Par ailleurs, en prévoyant l’importance des actes que nous allions rencontrer sur le terrain et la quantité de détails et de nouveauté qu’ils pourraient fournir, nous avons filmé à peu près 72 évènements et situations (en rapport avec le traitement de la terre) observées tout au long des 11 mois de terrain. Ce volume d’activités fut l’objet d’à peu près 69h d’enregistrements vidéo. L’utilité la plus évidente de cette technique est que les images nous permirent d’examiner le détail de plusieurs activités observées sur place et nous permettant ainsi d'identifier des informations complémentaires sur des aspects déjà connus, ou de nouvelles informations portant sur des aspects que nous n’avions pas remarqués pendant le déroulement des évènements. Cette stratégie fut particulièrement utile pour découvrir les subtilités de l’entrecroisement fréquent des exercices et des gestes dans les activités sur la parcelle agricole. Mais il a fallu un certain effort économique et d’organisation pour disposer des ressources nécessaires dans les moments importants, notamment les batteries pour la caméra. Comme nous l’avons déjà signalé, pendant notre terrain il n’y avait pas de chemin carrossable entre Chillimocco et Marcapata et un aller-retour pour recharger les batteries (car il n’y a pas d’électricité à Chillimocco) pouvait nous prendre autour de 15 h de marche, ce qui est très difficile à réaliser même sur deux jours. De ce fait, plusieurs activités observées ne furent pas

filmées, mais cela était aussi prévu et nécessaire pour un engagement plus complet dans la partie participative de l’observation ontographique.

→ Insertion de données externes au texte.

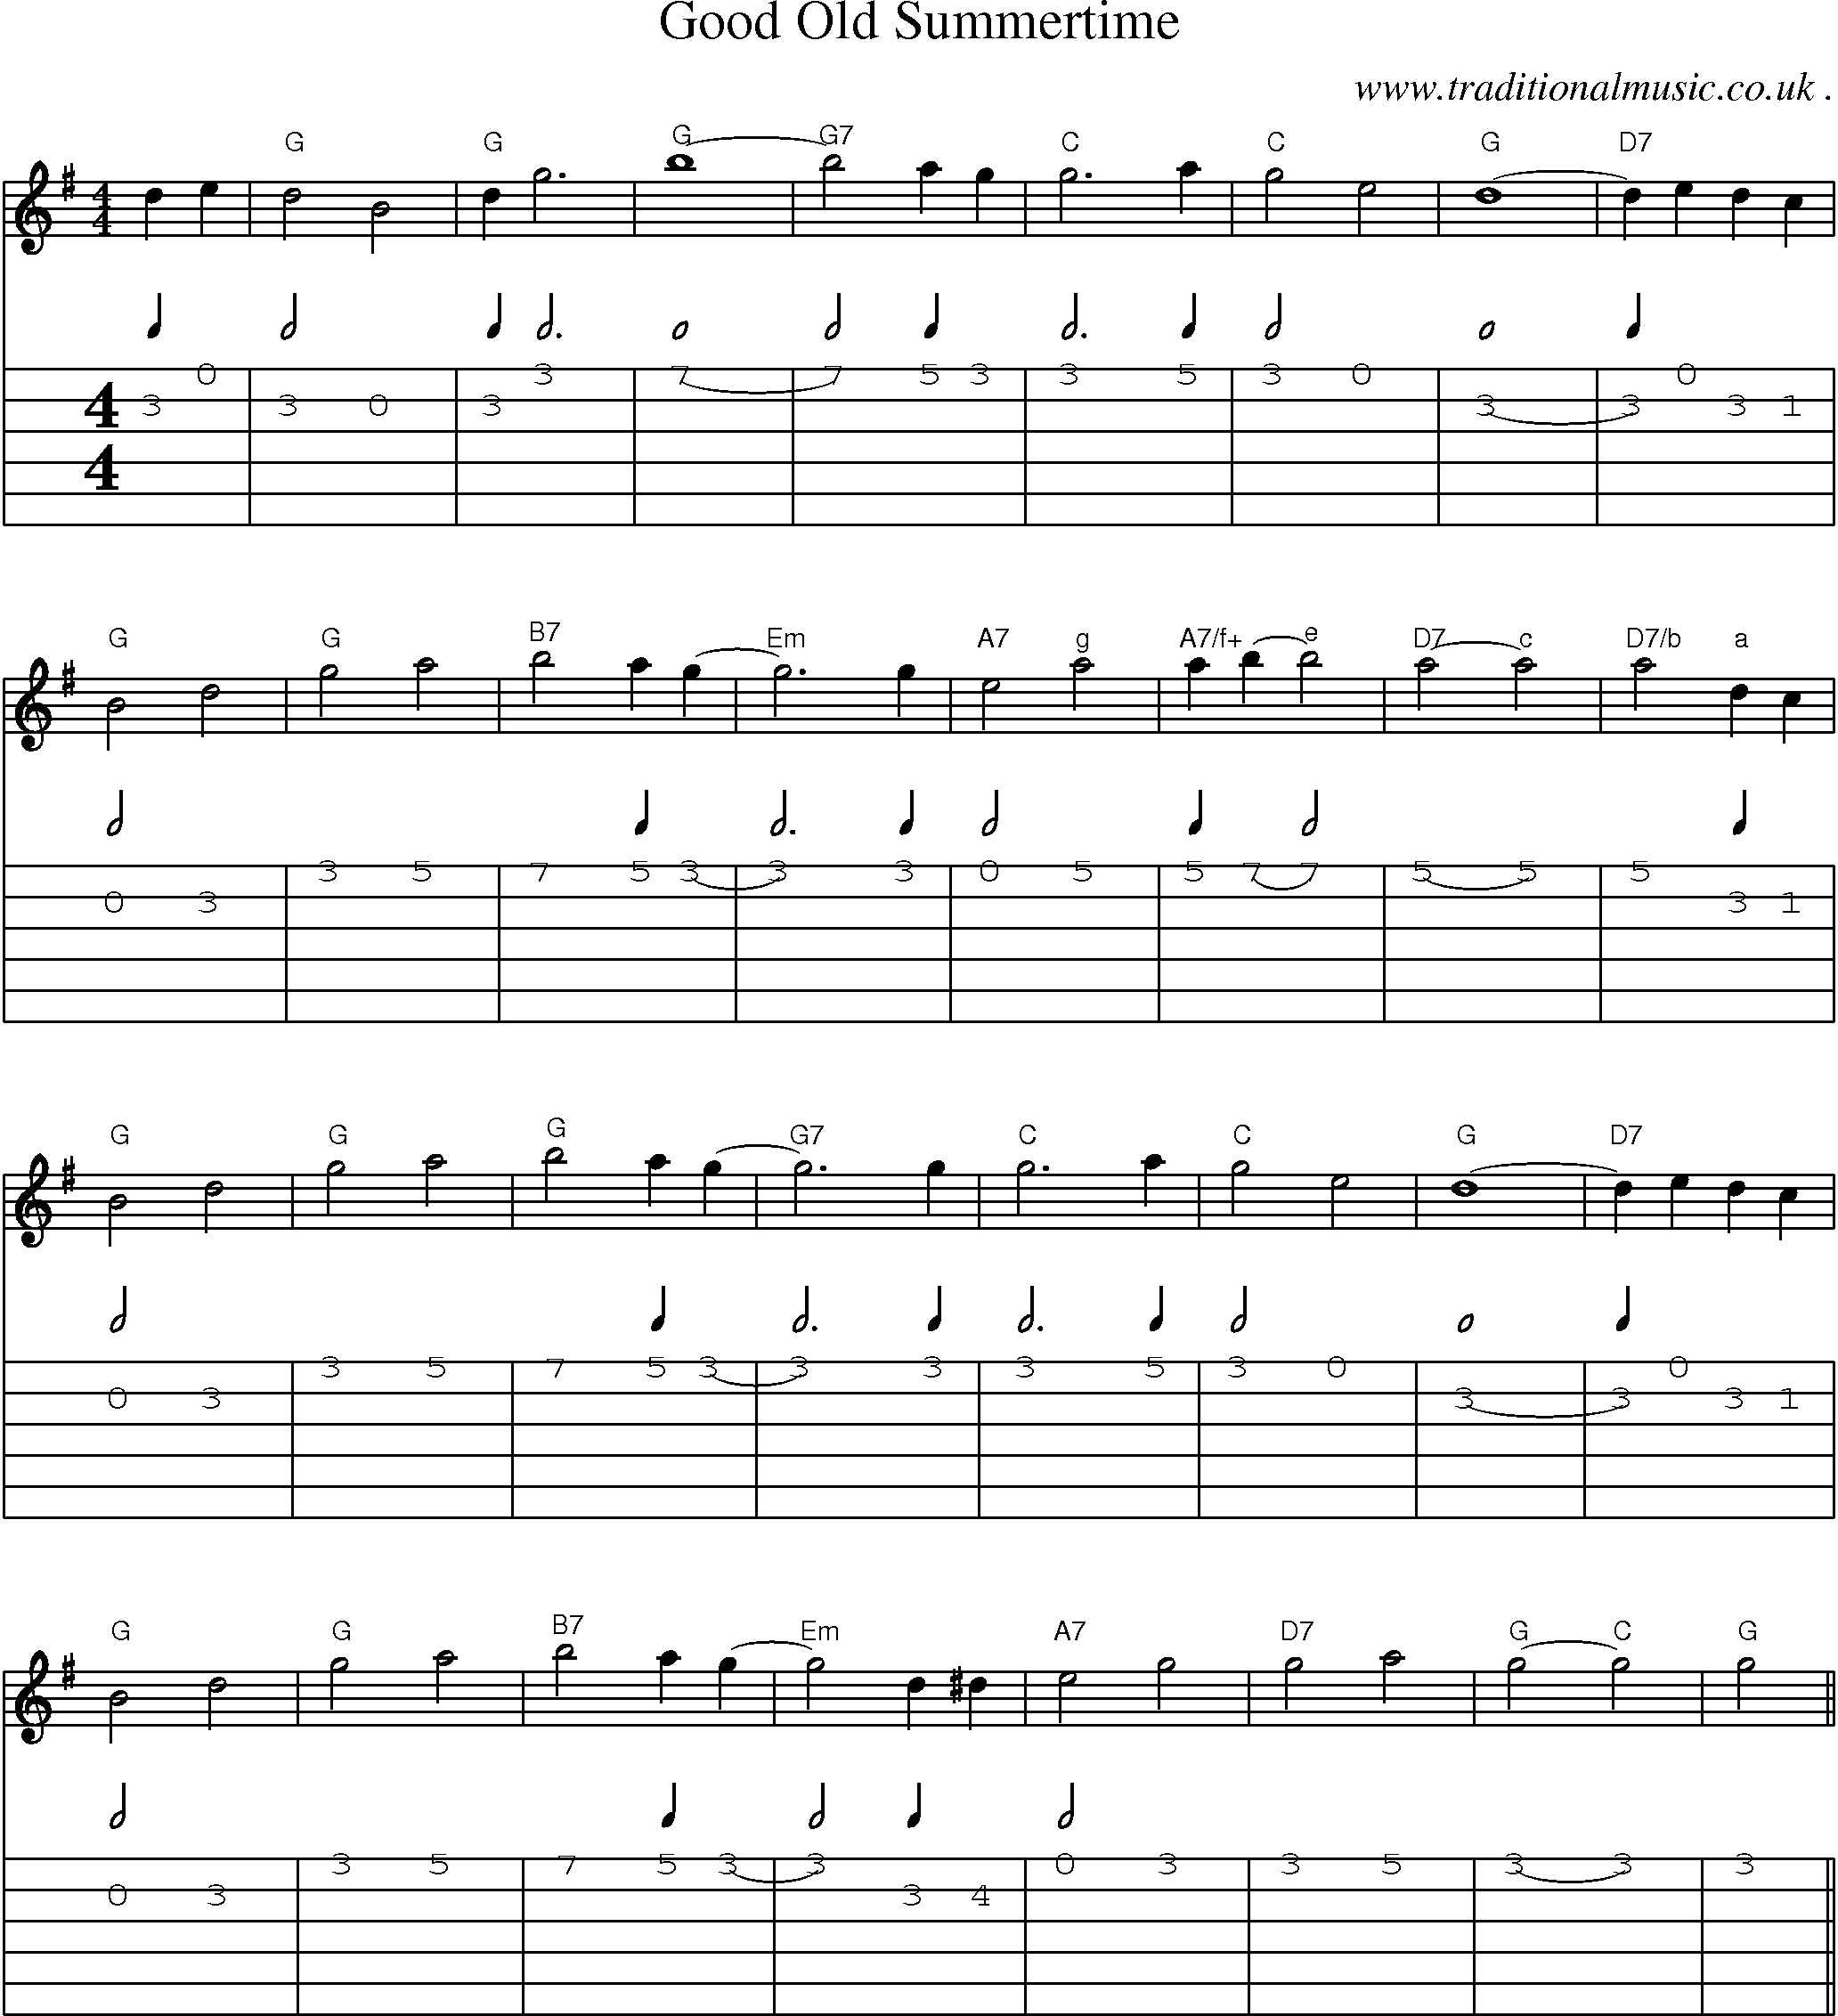 Sheet-Music and Guitar Tabs for Good Old Summertime

L’utilisation de chaque heure de ces images (bien que cela dépende de la technologie employée) demanda à peu près 5 heures pour la conversion au numérique, afin de pouvoir les manipuler sur l’ordinateur. De plus, la transcription n’était possible que pour les morceaux les plus importants. Si la transcription d’une heure d'enregistrement audio difficile à saisir peut prendre autour de 6h, le temps de transcription d’une heure de vidéo peut se multiplier plusieurs fois en fonction de la présence ou non de dialogues, et des différents détails visuels qu’il est nécessaire de décrire. De ce fait, nous avons traité de façon approfondie seulement environ 40 h de ces enregistrements. Le reste fut utilisé d’une manière plus rapide, avec le visionnement des éléments les plus saillants des activités. Il faut ajouter que l’enregistrement vidéo fut un élément qui nous a aidé à prendre une certaine distance par rapport aux activités, ce qui était délibéré afin de pouvoir les combiner avec d’autres moments d’un engagement plus important dans leur déroulement. Il faut signaler aussi que, entre autres, les Chillimoccokuna acceptaient ce type de présence silencieuse —qui aurait pu paraître étrange par ailleurs— parce que nous avions offert de laisser un DVD à chaque famille avec des images de leurs pratiques. Cette offre faisait partie d’un rapport de réciprocité qui encadrait notre présence dans la communauté.